Von Martina Steffens
Ein veganer Gartenkochkurs bei Sebastian Copien beginnt mit einem Spaziergang. Nur fünf Minuten von seiner Show-Küche entfernt dürfen die Teilnehmer in seinem Permakultur-Garten selbst ernten, was sie später in der Küche verarbeiten werden. „Hier beginnt bereits die Begeisterung fürs Essen", erklärt Copien, viele kennen es gar nicht mehr, Gemüse selbst anzubauen. Dabei funktioniert das auch in der Großstadt wirklich einfach." Das Ganze nennt sich „urban gardening" und bedeutet Gärtnern in der Stadt. Bei Copiens Kurskonzept geht es um den ganzheitlichen Umgang mit Lebensmitteln. Und darum, die Leidenschaft dafür zu wecken.
Ernährung soll intuitiv sein und Spaß machen. Seine Prämisse ist, dass es nicht „gesund" schmecken muss. Es soll einfach nur gut schmecken und Freude bereiten. Unter diesem Motto bietet Copien Kochevents sowohl für Privatpersonen als auch für Firmenkunden an – bevorzugt in der eigenen Show-Küche. Seit neun Jahren ist er selbstständiger Koch, anfänglich mit ganz traditionellen Gerichten, bis er sich relativ schnell auf vegetarische Küche spezialisiert hat. Vor zwei Jahren ist er schließlich komplett auf vegan umgestiegen.
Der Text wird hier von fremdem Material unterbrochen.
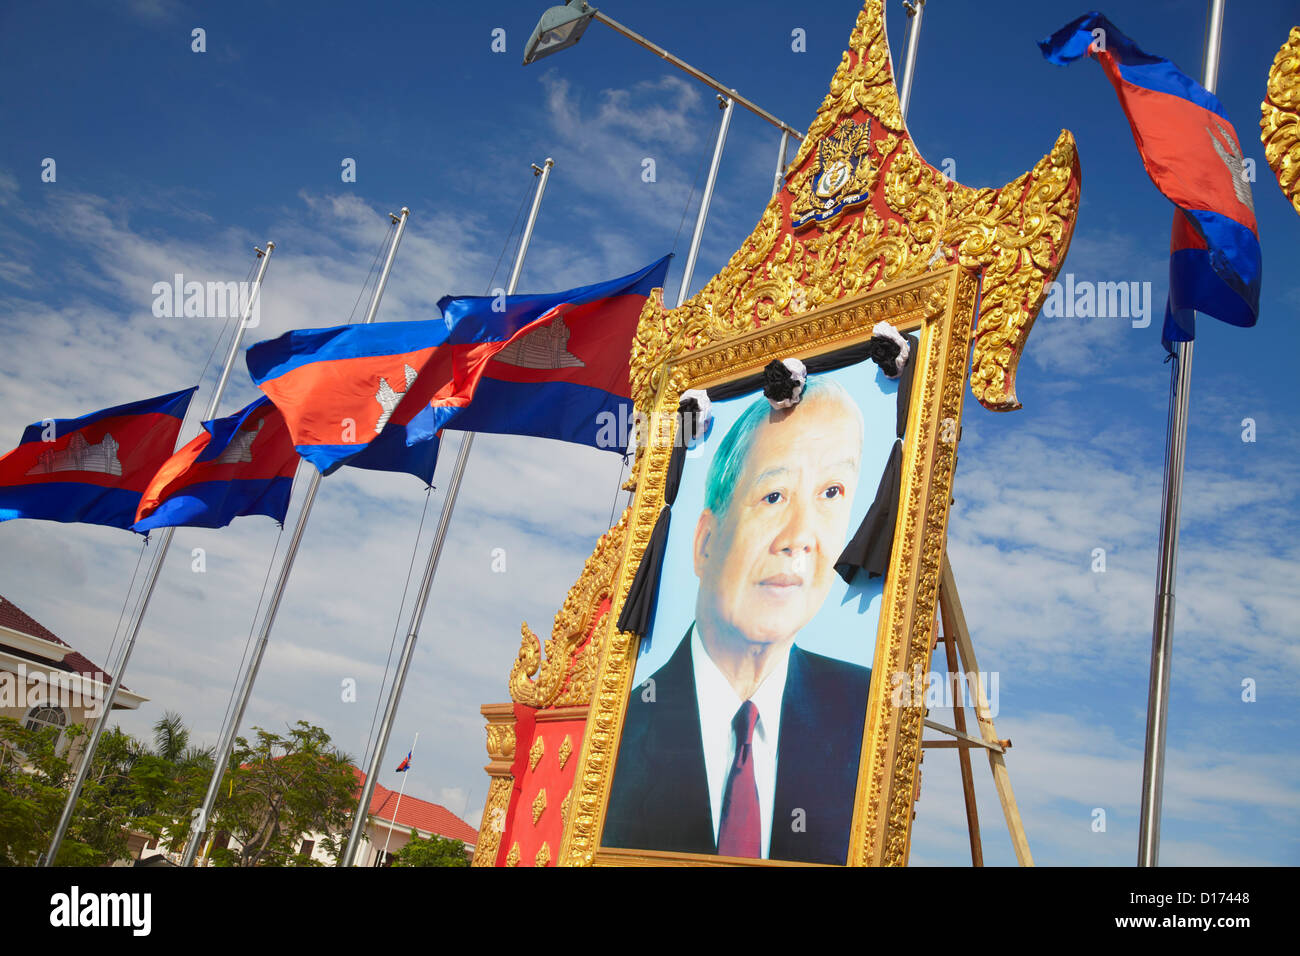 Memorial to the late King Norodom Sihanouk, Phnom Penh, Cambodia Stock Photo

Natürlich war da zunächst die Liebe im Spiel… Doch jetzt gibt der Erfolg dem engagierten Koch und Gärtner recht.
Fotos: Christian Verlag / / Hansi Heckmaier
Gemüse? Das ist doch nur Beilage!
Als Copien seine Kochkarriere startete, lernte er genau das: Gemüse bringt ein bisschen Farbe auf den Teller und ist eine nette Deko neben dem Fleisch. Dann der Durchbruch. Er stieg auf vegetarische Ernährung um und damit eröffnete sich ihm eine immer größer werdende Bandbreite an neuen Geschmackserlebnissen. Gemüse war nicht mehr nur Beilage, Gemüse war der Star auf dem Teller. Noch größer wurde das Spektrum, als er vollständig auf vegan umgesattelt hatte. Er lernte völlig neue Geschmackswelten kennen und lieben. Denn vegan muss eben nicht nach Schonkost schmecken. Sein veganes Mousse au Chocolat mit Kirchererbsenwasser statt Eiweiß ist schlichtweg genial und sogar besser als so manche konventionelle Variante. Wir haben uns beim forum-Testessen selbst davon überzeugen können.
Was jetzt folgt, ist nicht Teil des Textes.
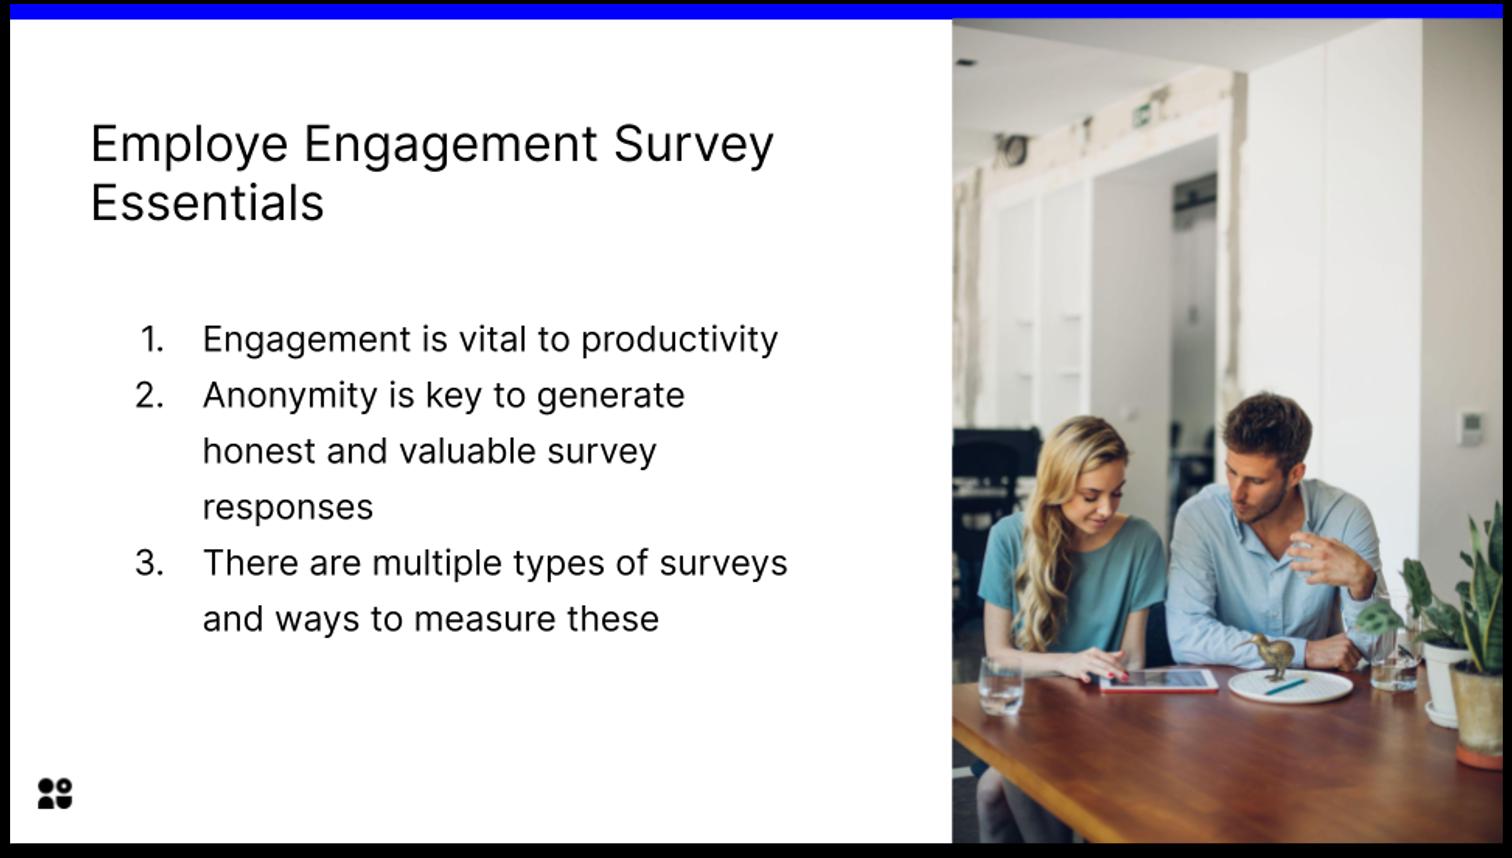 Employee Engagement Survey Essentials

„Auf Käse kann ich nicht verzichten!"
Es war eine Lernphase für ihn zu erkennen, dass es keine Einschränkung, sondern eine Bereicherung ist, auf tierische Produkte zu verzichten. Was ihm anfangs am Schwersten erschien? Keinen Käse mehr zu essen. Heute vermisst er ihn nach eigenen Angaben überhaupt nicht mehr, denn dafür hat er unglaublich viele neue Alternativen entdeckt. Er ist davon überzeugt, dass die Gewohnheit und die emotionalen Verknüpfungen maßgeblich den Takt angeben, egal ob es um neue und unbekannte oder alte und geliebte Geschmäcker geht. So ist man an gewisse Geschmäcker gewöhnt und weiß eigentlich gar nicht mehr, wie das ein oder andere – teils in Vergessenheit geratene – Lebensmittel eigentlich schmeckt. Er empfiehlt, erst einmal wenige neue Dinge zu probieren und damit regelmäßig zu arbeiten, um dann zu sehen, welche geschmackliche Vielfalt sich durch unterschiedliche Variationen und Kombinationen eröffnet. Lachend erzählt er, dass er als vegan-Neuling nach vier Wochen wieder einmal Kuhmilch probierte und den Eindruck hatte, er hätte „einer Kuh in den Hintern gebissen". Die Milch schmeckte nach Tier und das mochte er einfach nicht mehr. Das funktioniert auch umgekehrt: Mag man etwas nicht und isst es trotzdem häufiger, ist die Chance groß, dass es plötzlich richtig gut schmeckt. Vermutlich ist das für uns Menschen ein Teil unserer Überlebensstrategie. Wir können flexibel auf veränderte Nahrungsbedingungen reagieren.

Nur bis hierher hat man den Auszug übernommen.